Let me know your thoughs on this based on the added info here...

 

[bushel3]

MSEdesign,

This is a good problem. I assume that ground modification is not an economical/possible option either?

I'm not sure I understand what the wall will look like. Will the first 14 feet of your wall have A-2-4 with geogrid and the remaining 31 feet be geogrid w/ a concrete cap?

I like what rochplayer said and he probably knows more about this than I do. He said "the geofoam became part of the facing and the reinforcing wasn't counted until it was within the soil." The best thing I can see is to use long geogrid to stabilize the embankment.

If you are not planning on running the geogrid into the soil embankment you need to do a global slope stability analysis on the soil embankment. (Even if you are using long geogrid a global stability analysis is advised.) The geofoam and blocks, (even if geogrid is used between the geofoam them,) will provide very little horizonal force.

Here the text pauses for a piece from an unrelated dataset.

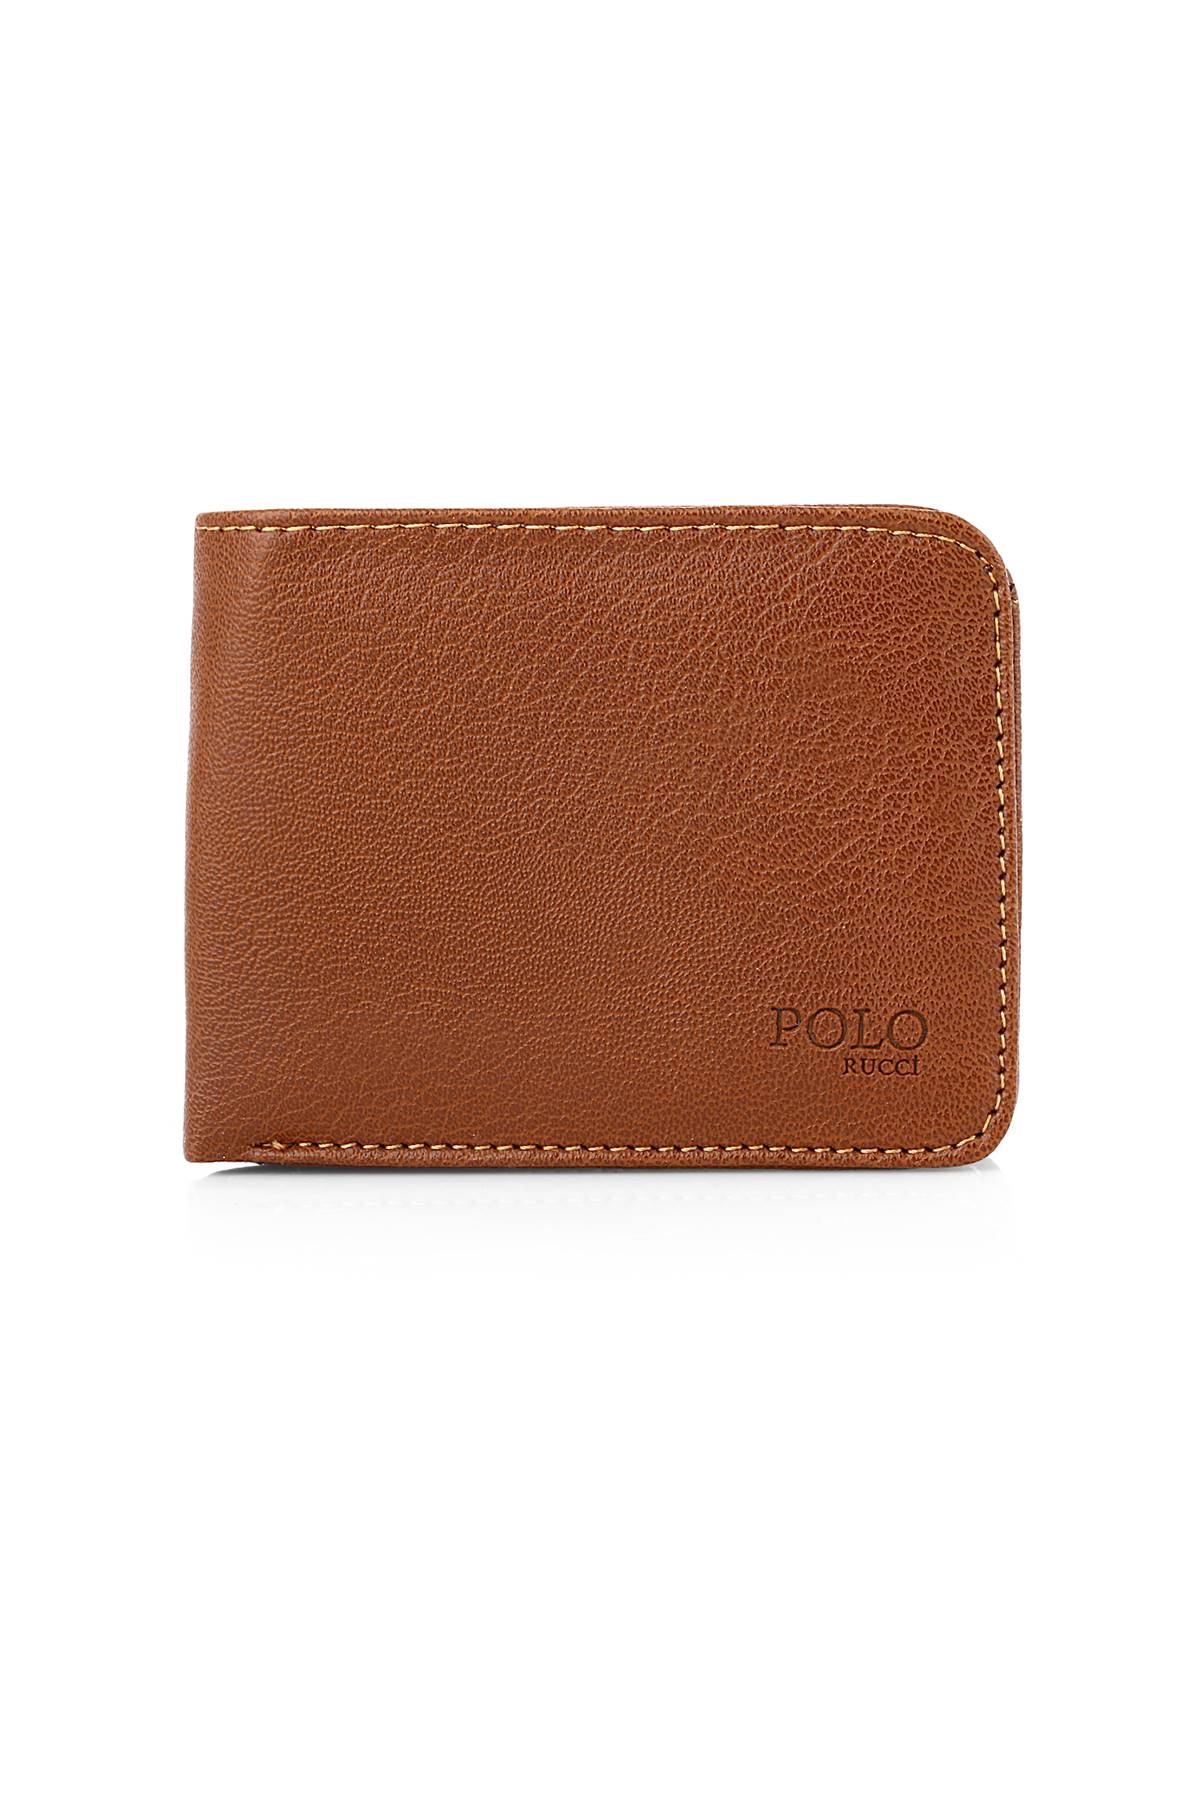 Polo Rucci Hediye Paketli Erkek Kişiye Özel Kapıda Ödeme   SETE-3016-CDN-K

For calculations I would assume zero horizonal force. However they will provide erosion protection for your slope. If the slope is stable on its own, you are set. If the slope is not stable on its own, you may have to use a 2.5h-1.0v or something like that.

 

[MSEdesigns]

Just to clarify, the 31 ft will be divided on 27.66 ft of geofoam and 3 ft of soil and a slab of concrete directly over the geofoam. The geofoam will have grids every 32 inches and the grids will extend along the geofoam until it meets the slope. Only purpose for this is to stabilize the geofoam during a seismic event. That's why I was asking for parameters to model the analisis for seismic events.

 

[rochplayer]

MSEdesigns:

In my experience, Geofoam is an extremely expensive (>$125 per cubic yard) option which could be eliminated by use of ground improvment methods.

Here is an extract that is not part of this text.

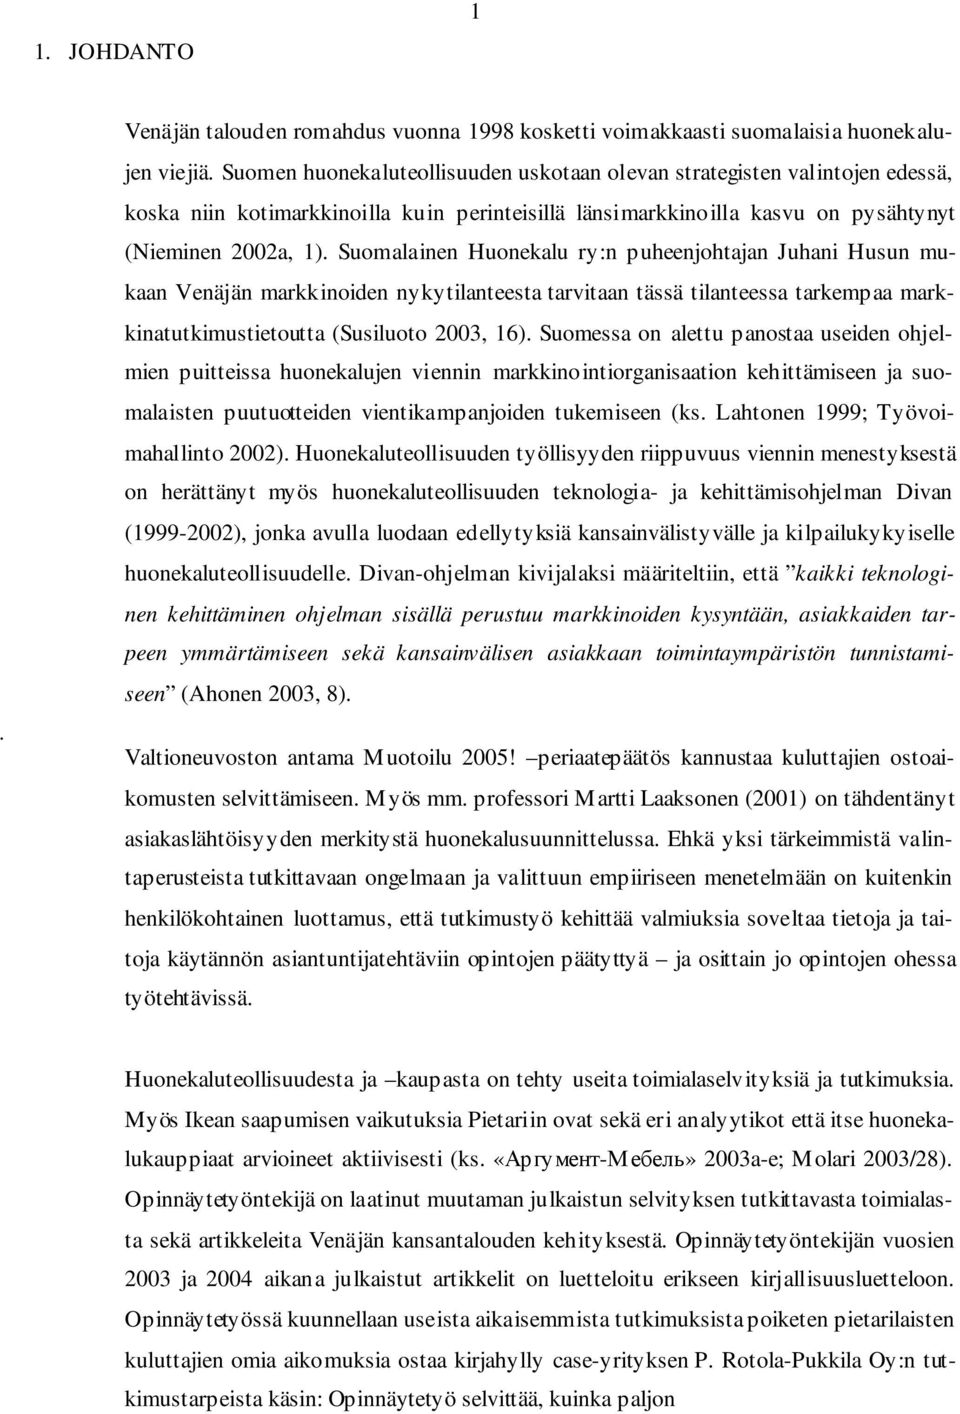 Suomalainen Huonekalu ry:n puheenjohtajan Juhani Husun mukaan Venäjän markkinoiden nykytilanteesta tarvitaan tässä tilanteessa tarkempaa markkinatutkimustietoutta (Susiluoto 2003, 16).

Some questions to ask your geotechnical engineer -
1. What is their allowable design based on? Settlement or ultimate capacity/SF?

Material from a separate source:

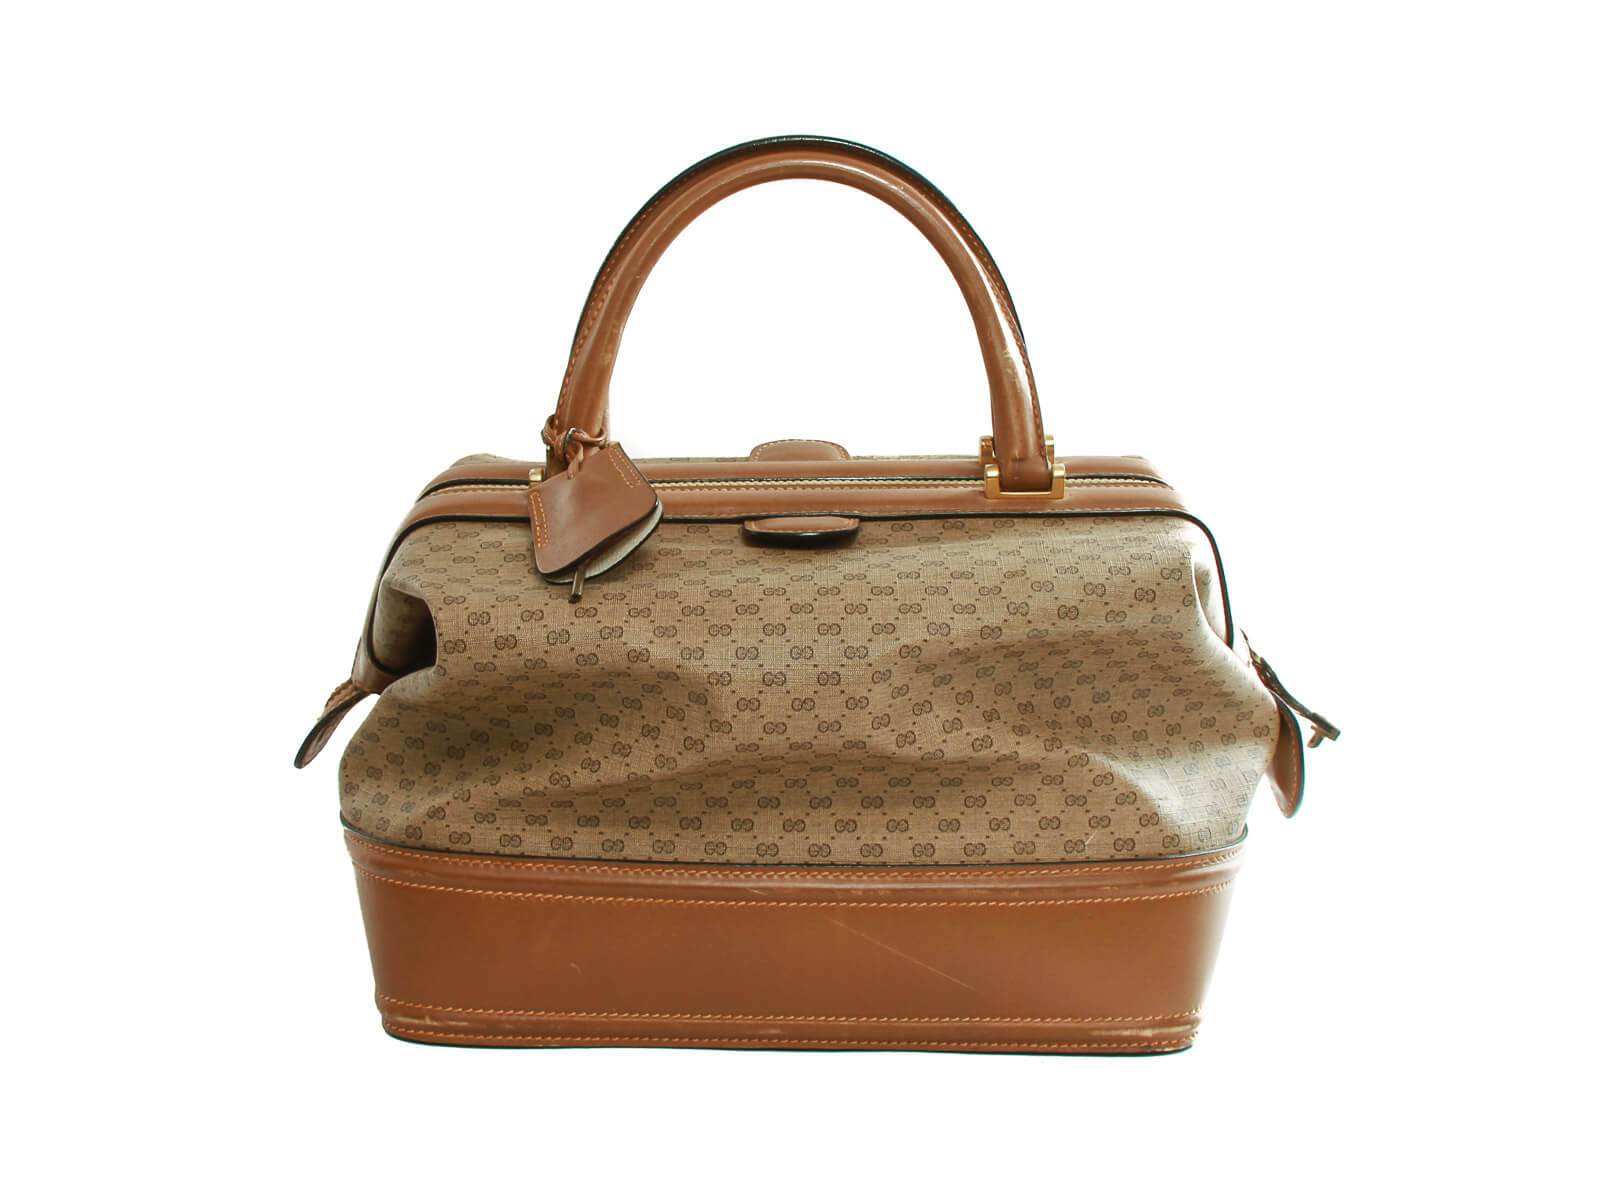 Authentic Gucci Vintage Doctors Handbag Purse Brown Logo GG

2. If settlement, what type and magnitude of the settlement? Elastic or consolidation? 1-inch? 2-inches? More?

3. Is the settlement tolerance realistic? Is settlement being limited to 1-inch total beneath an MSE wall that is supporting a roadway or other forgiving structure? If so, that is overly conservative for a flexible wall.

4. Can a surcharge program be used to preinduce settlement and/or strength the bearing soil?

5. Can subgrade reinforcement be used to increase your bearing resistance? You are already looking to use geogrid in the retained soil.

6. Ground improvement could also be considered as bushel3 suggests. Geopiers, stone columns, CDF shafts, etc. could be used. These may give you a better "bang for your buck" than Geofoam.

Out of curiousity, what is the foundation subgrade like? Is the site level or on a slope?

As a re-read your post, it seems like there ought to be less expensive options that a 30+ foot geofoam wall.

 

[rochplayer]

It looks like our posts crossed - what is the driving force in the seismic case? There will be virtually no intertial force in the geofoam mass. The 2:1 backfill is like a 2:1 batter so Ka will be very low and delta Kae non-existant. It sounds to me like by going with geofoam the seismic analysis of the entire system needs to be redone.

 

[MSEdesigns]

Well rochplayer, the geotechnical guy will be asked some of those questions, rest assured on that. About the geometry, the wall will go over approximately 20 ft of select fill (A-2-4)and a 2h:1v slope in front of the wall. Wall embedment is kept to 5 ft and a 4.5 ft wide concrete leveling pad was proposed to spread the block facing weight and keep the pressure under 2500 psf. The slope is already built (on the first phase of the project) so no chances to reinforce the slope now.
Seismic acceleration coefficient is required to be 0.3 by the local building code.
About the geofoam cost, it is less expensive here. Actual cost is around $65 per cy for type I geofoam (about 1.1 pcf). We have a local producer here at the island (Puerto Rico).